> **ASSIGNED TASK**
Reproduce the listing below from the line with "San Pedro Cactus" to the line with "Gebhardts & Brunswick", both lines included, character for character, minus any pictures.

> **DATA UNDER STUDY**
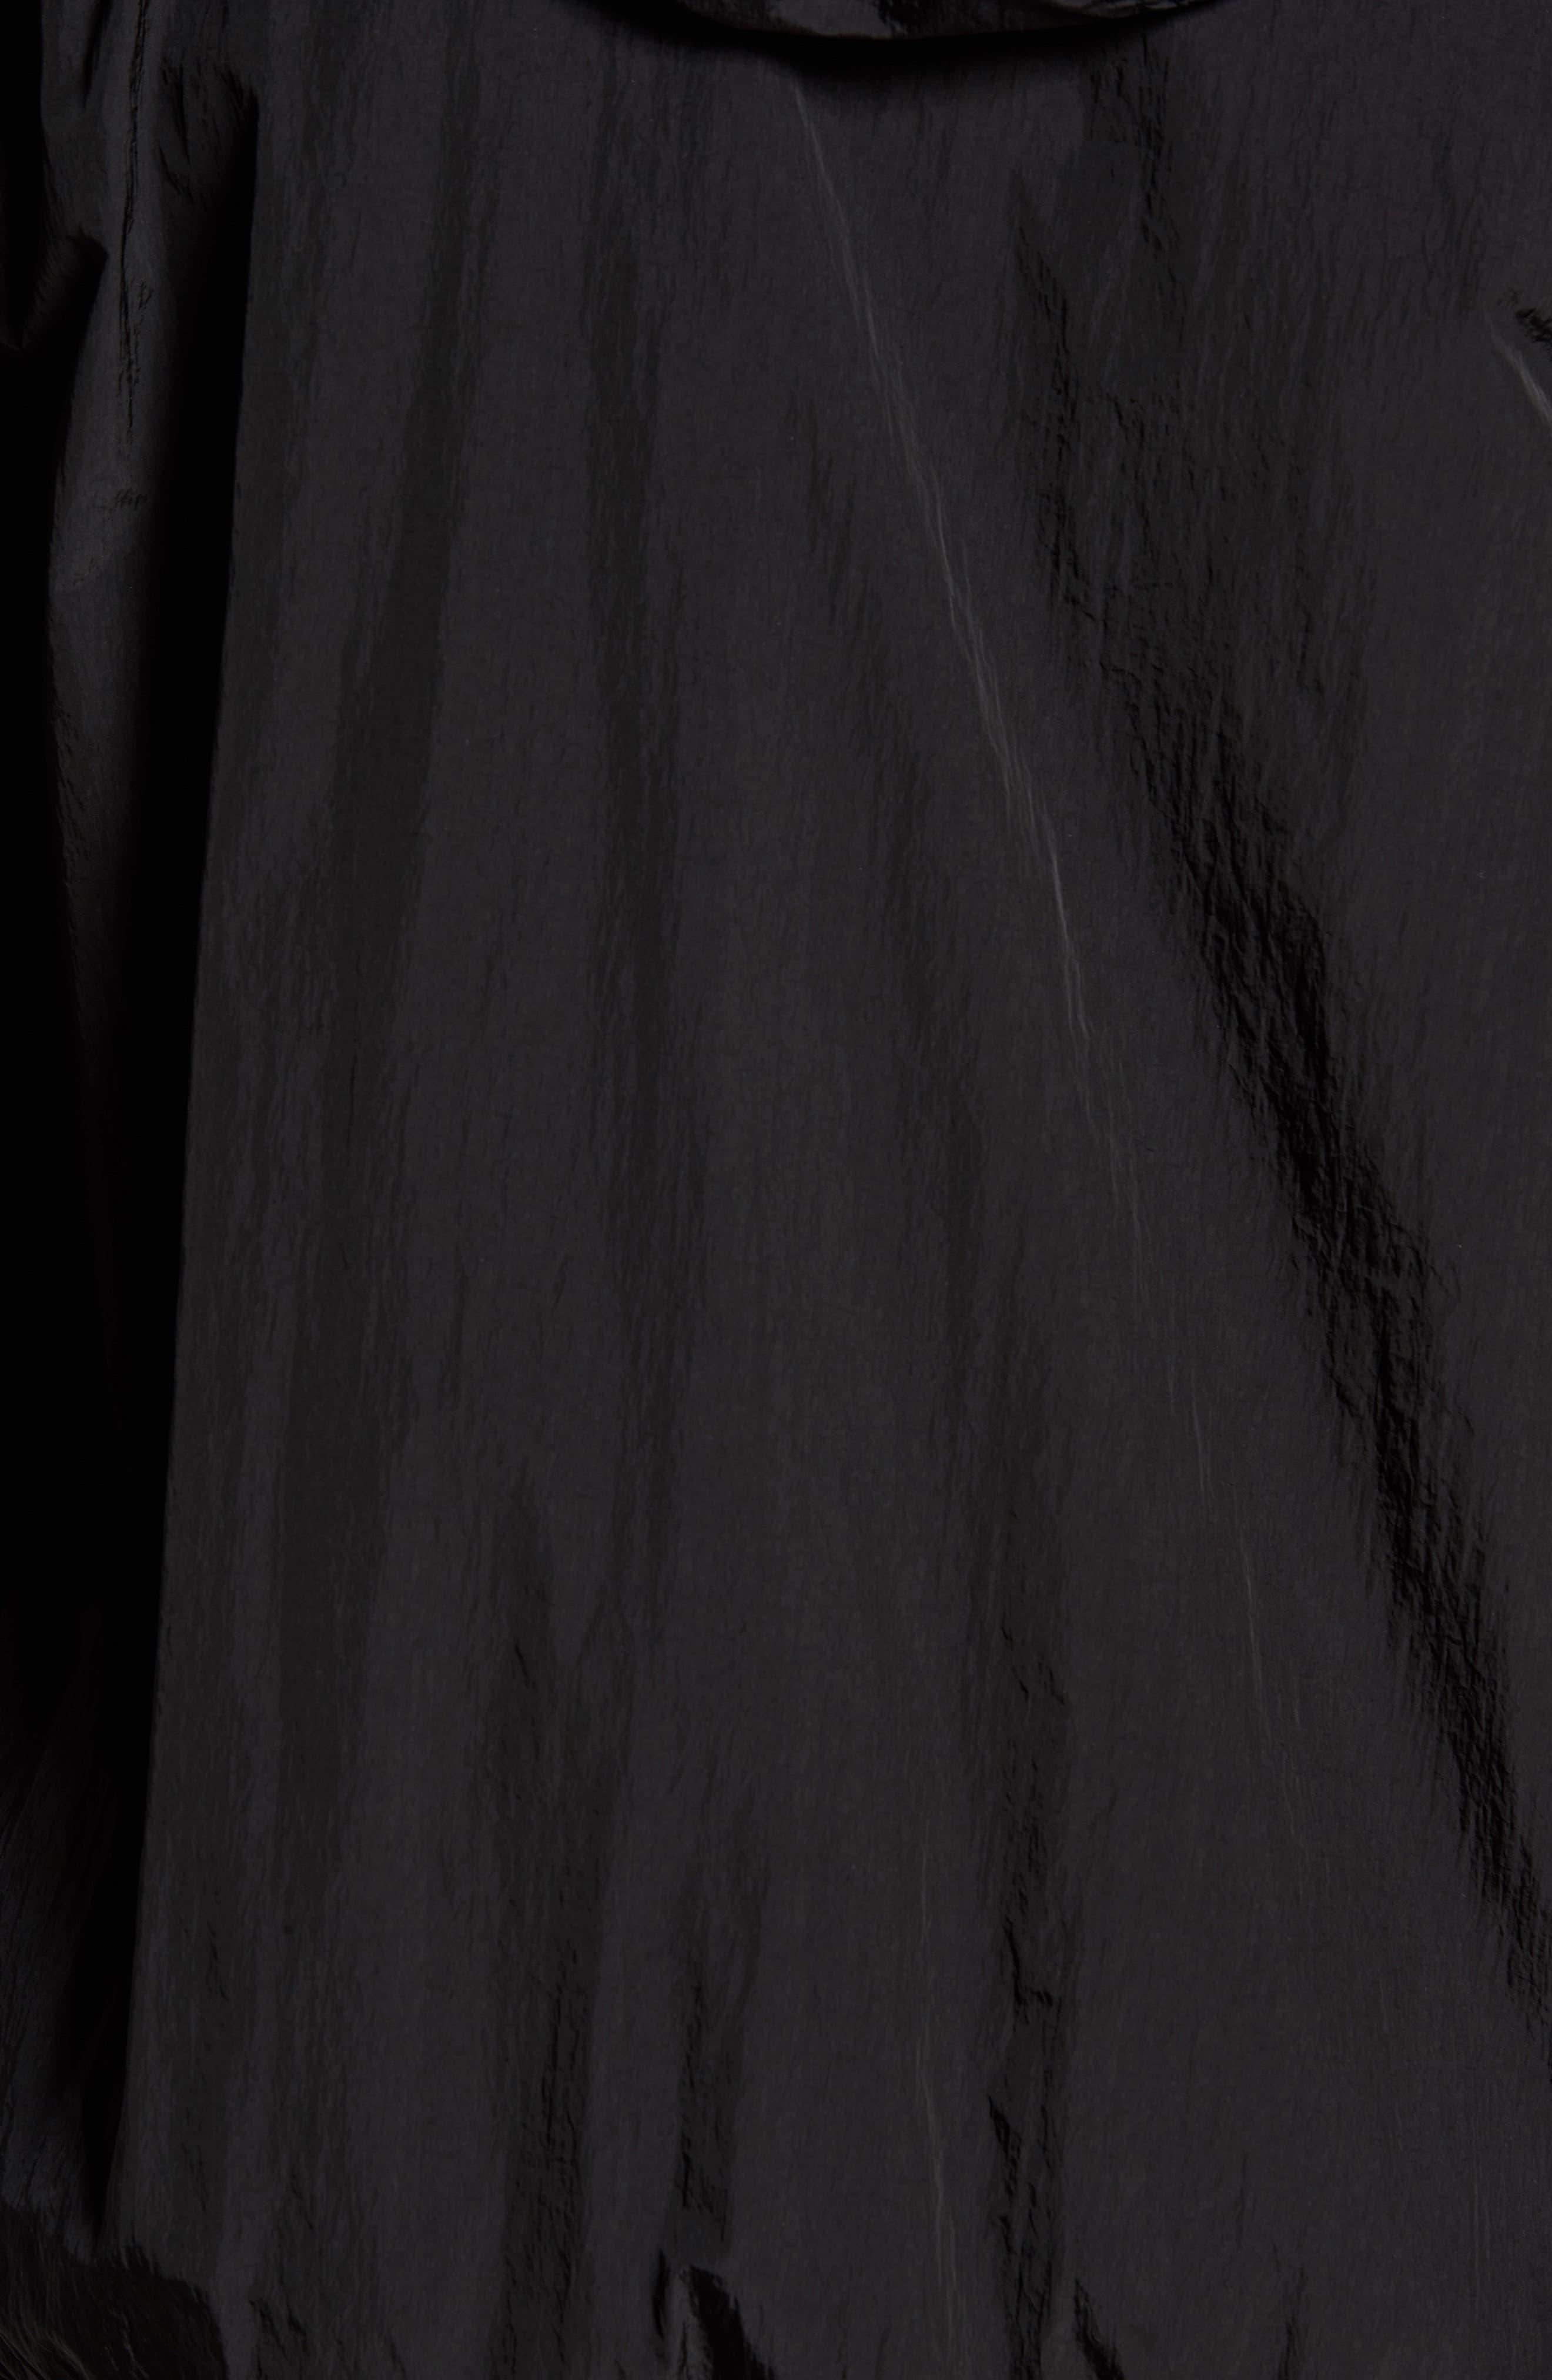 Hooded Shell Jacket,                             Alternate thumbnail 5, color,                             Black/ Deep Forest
==
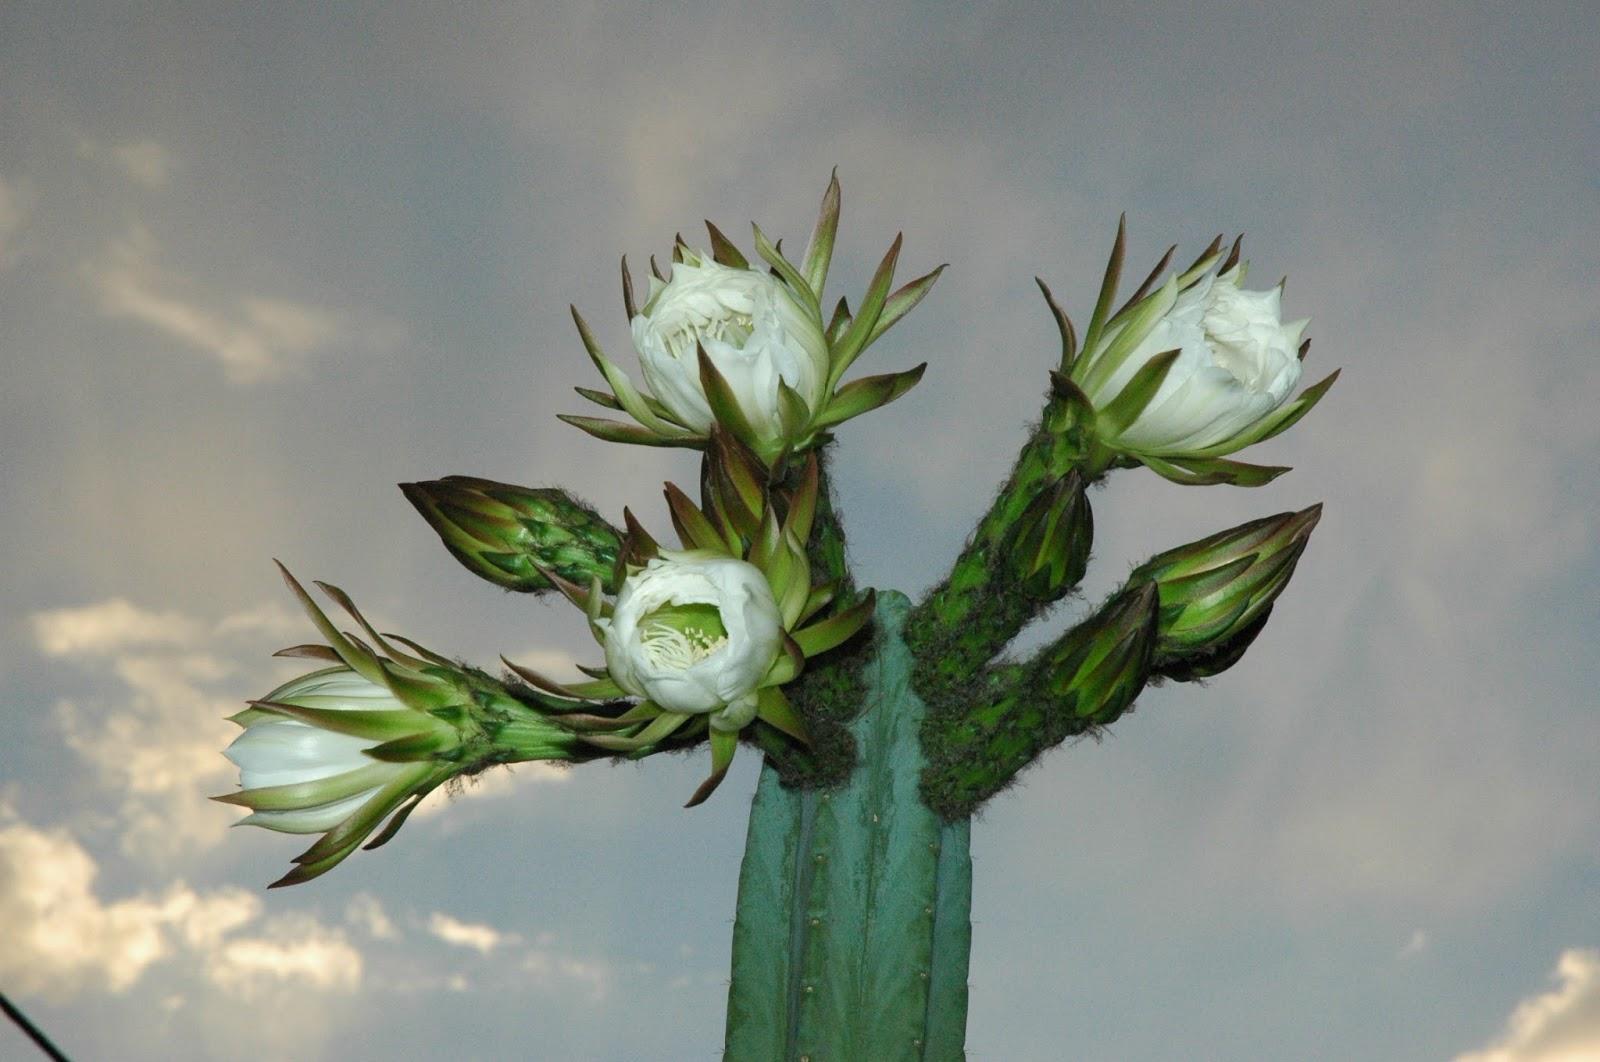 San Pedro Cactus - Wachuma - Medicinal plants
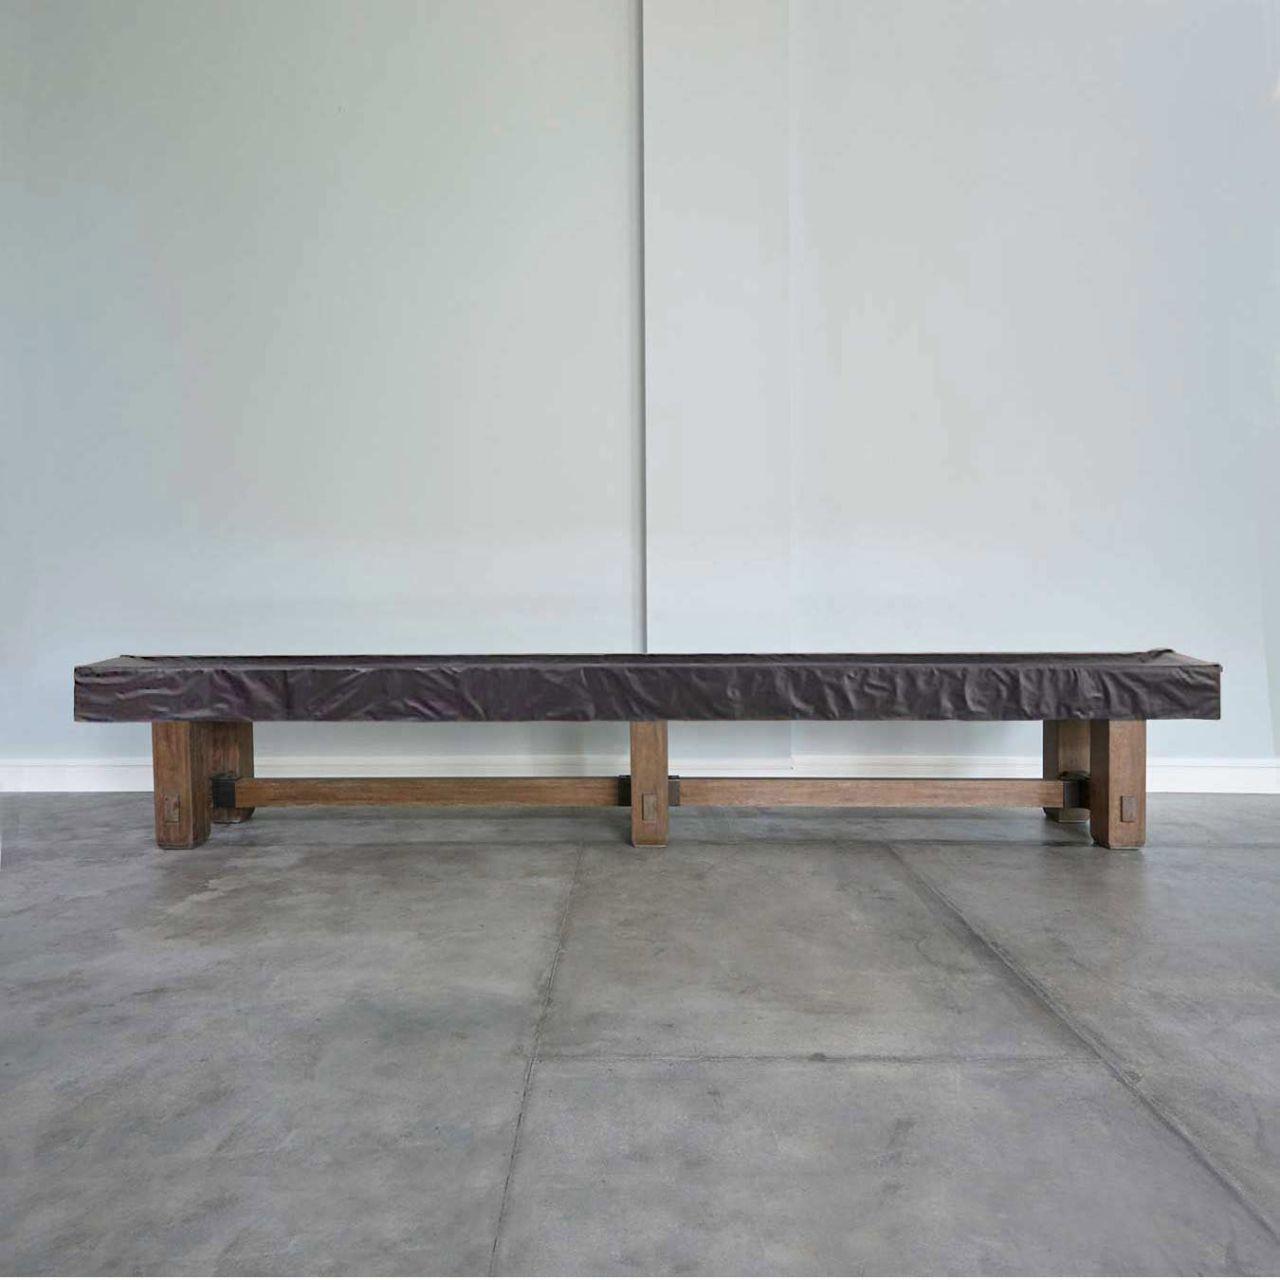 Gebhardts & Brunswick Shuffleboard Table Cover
==
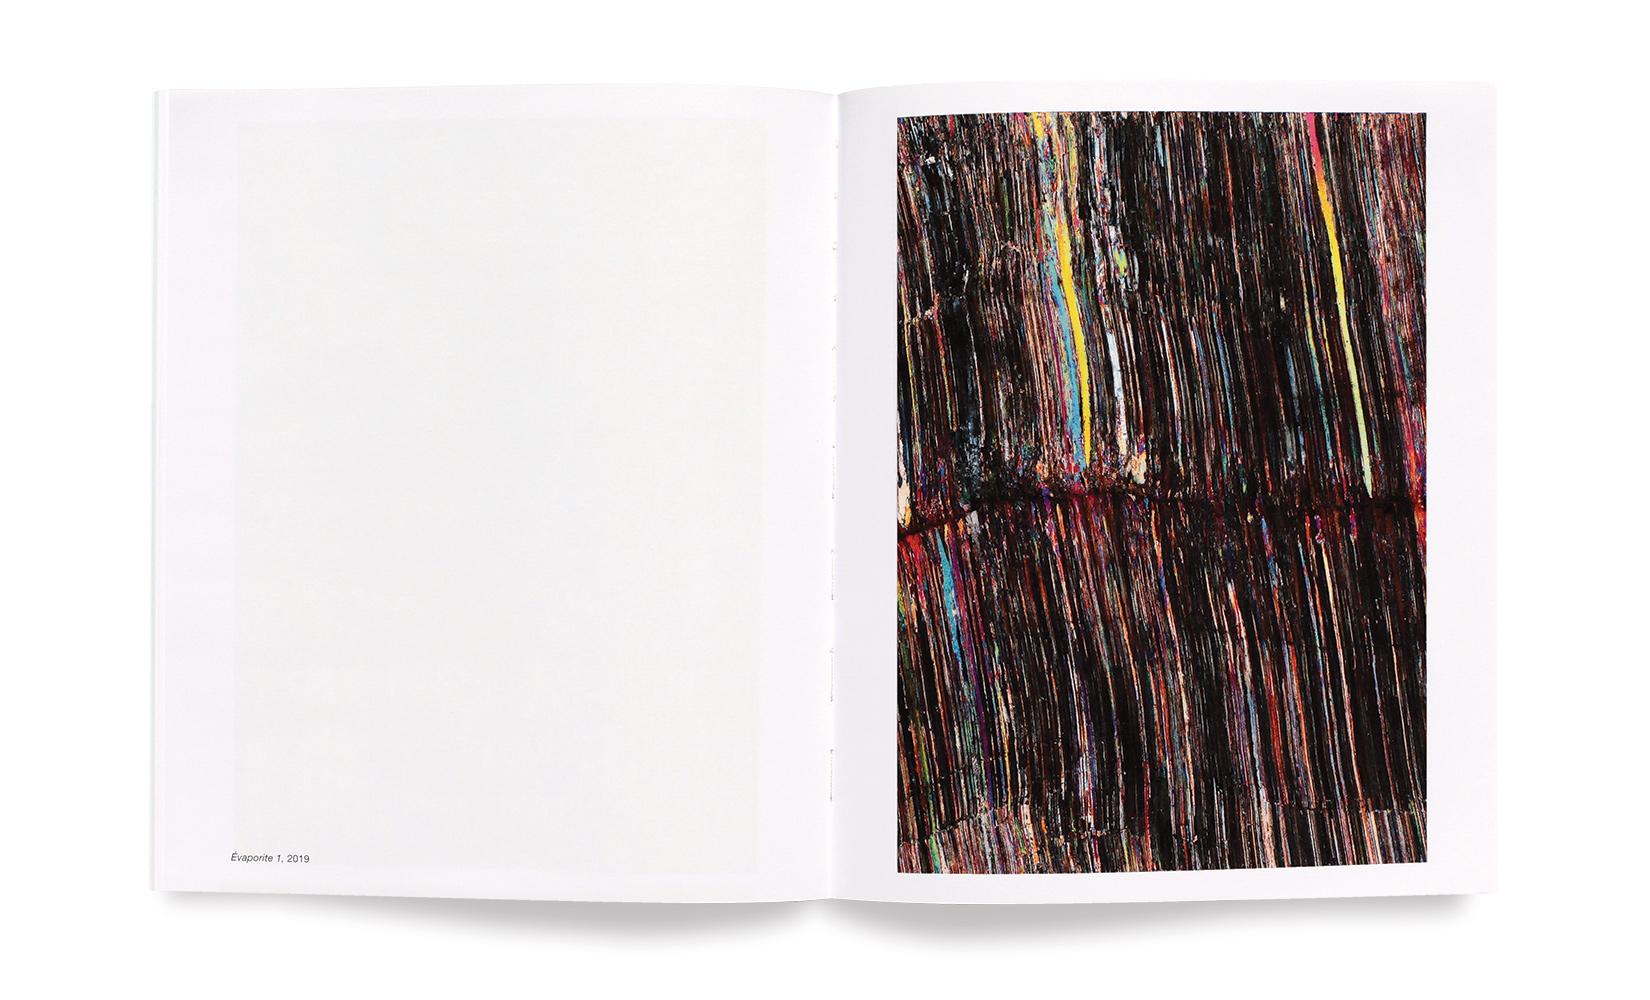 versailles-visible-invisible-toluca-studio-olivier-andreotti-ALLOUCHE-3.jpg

> **RESULT**
 San Pedro Cactus - Wachuma - Medicinal plants
 Gebhardts & Brunswick Shuffleboard Table Cover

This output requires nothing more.